=== Section Start ===

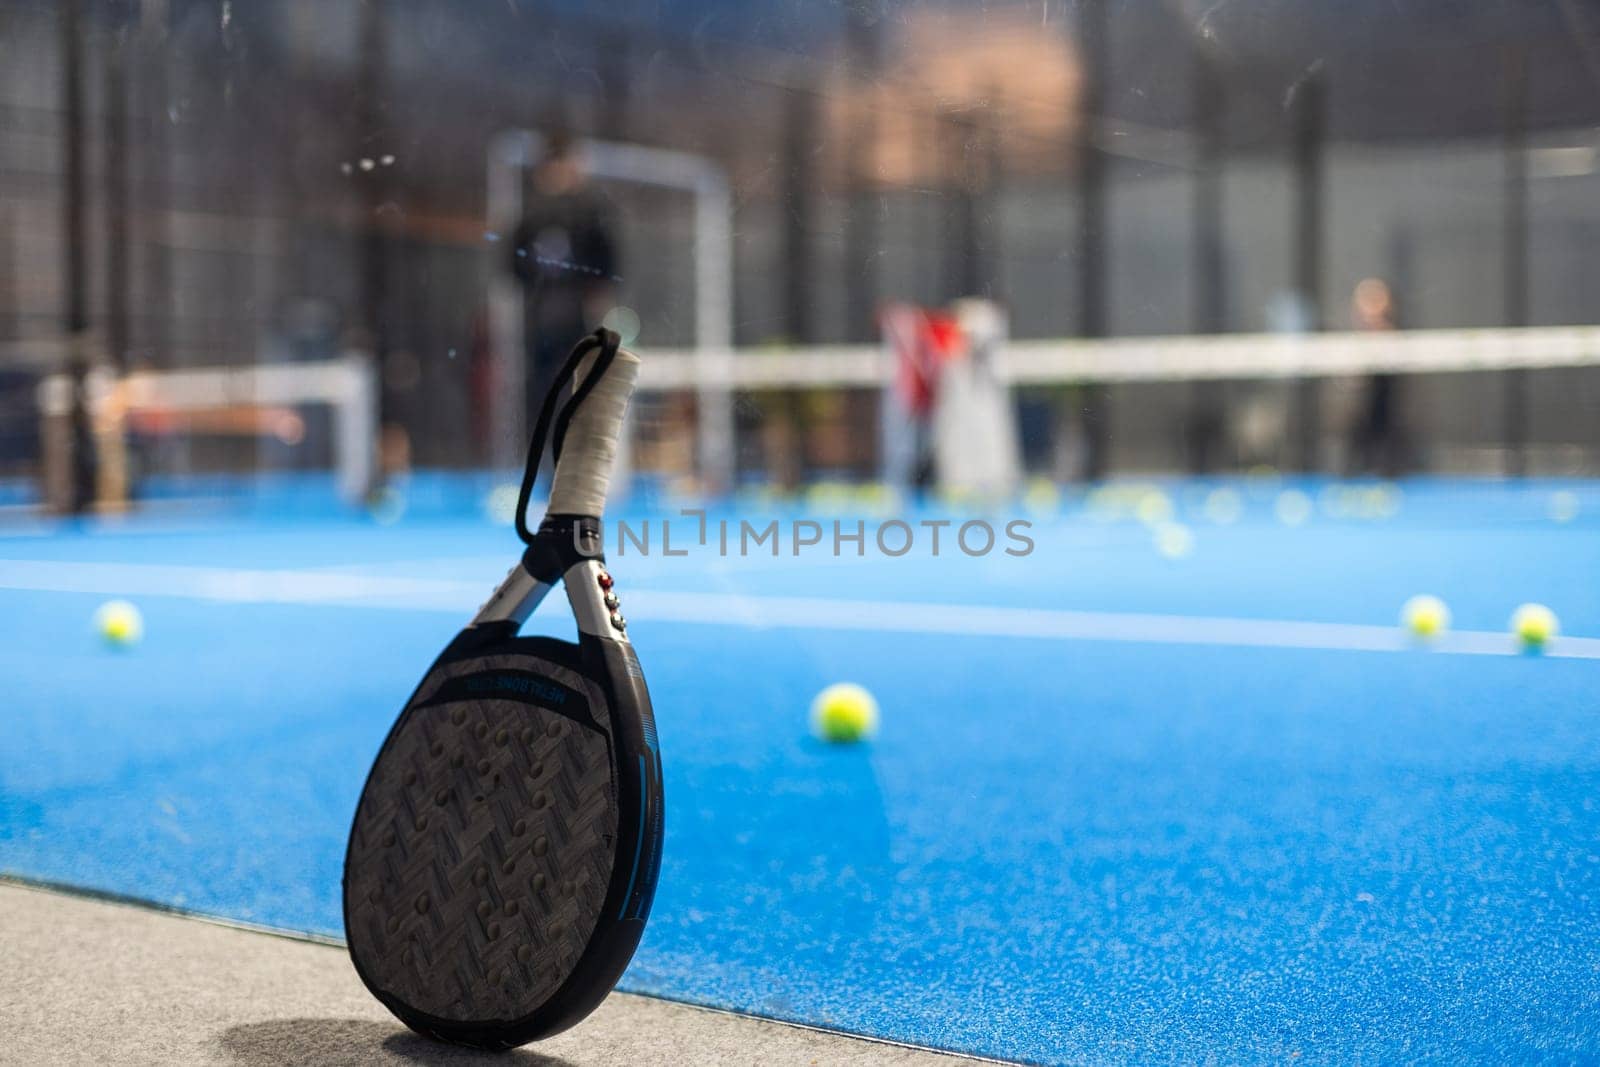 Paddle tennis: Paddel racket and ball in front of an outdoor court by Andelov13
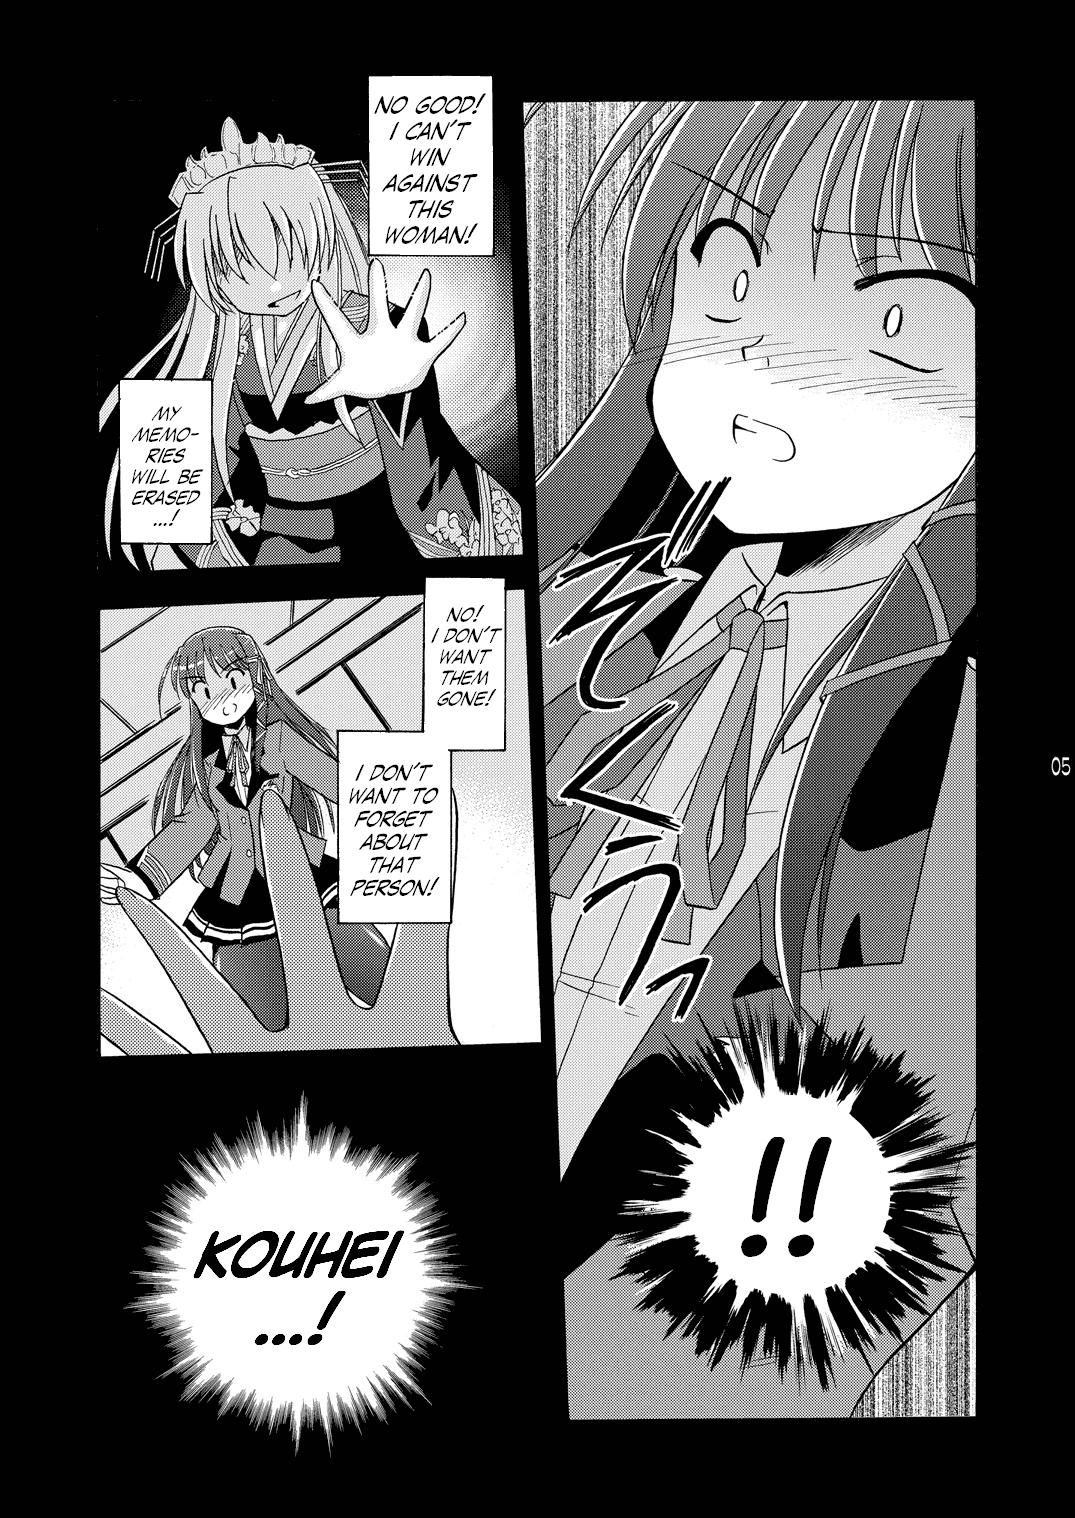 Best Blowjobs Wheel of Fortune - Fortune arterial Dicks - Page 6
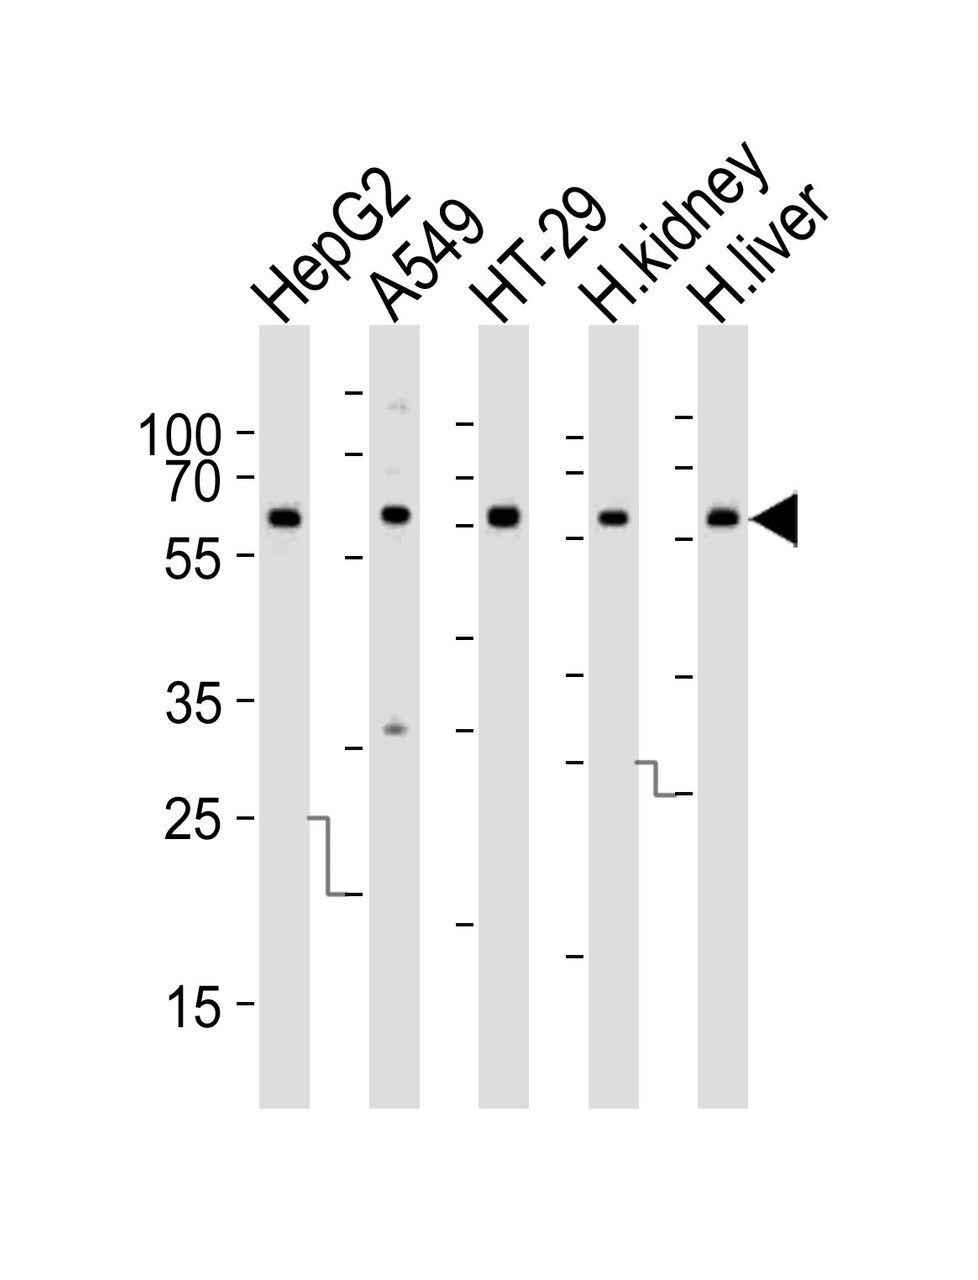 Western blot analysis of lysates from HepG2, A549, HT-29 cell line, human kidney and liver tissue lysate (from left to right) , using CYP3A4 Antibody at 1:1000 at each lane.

=== Section End ===

» WHAT IS REQUIRED:
Line by line, write out the material above exactly, with no images.

» THE COMPLETED TASK:
 Paddle tennis: Paddel racket and ball in front of an outdoor court by Andelov13
 Best Blowjobs Wheel of Fortune - Fortune arterial Dicks - Page 6
 Western blot analysis of lysates from HepG2, A549, HT-29 cell line, human kidney and liver tissue lysate (from left to right) , using CYP3A4 Antibody at 1:1000 at each lane.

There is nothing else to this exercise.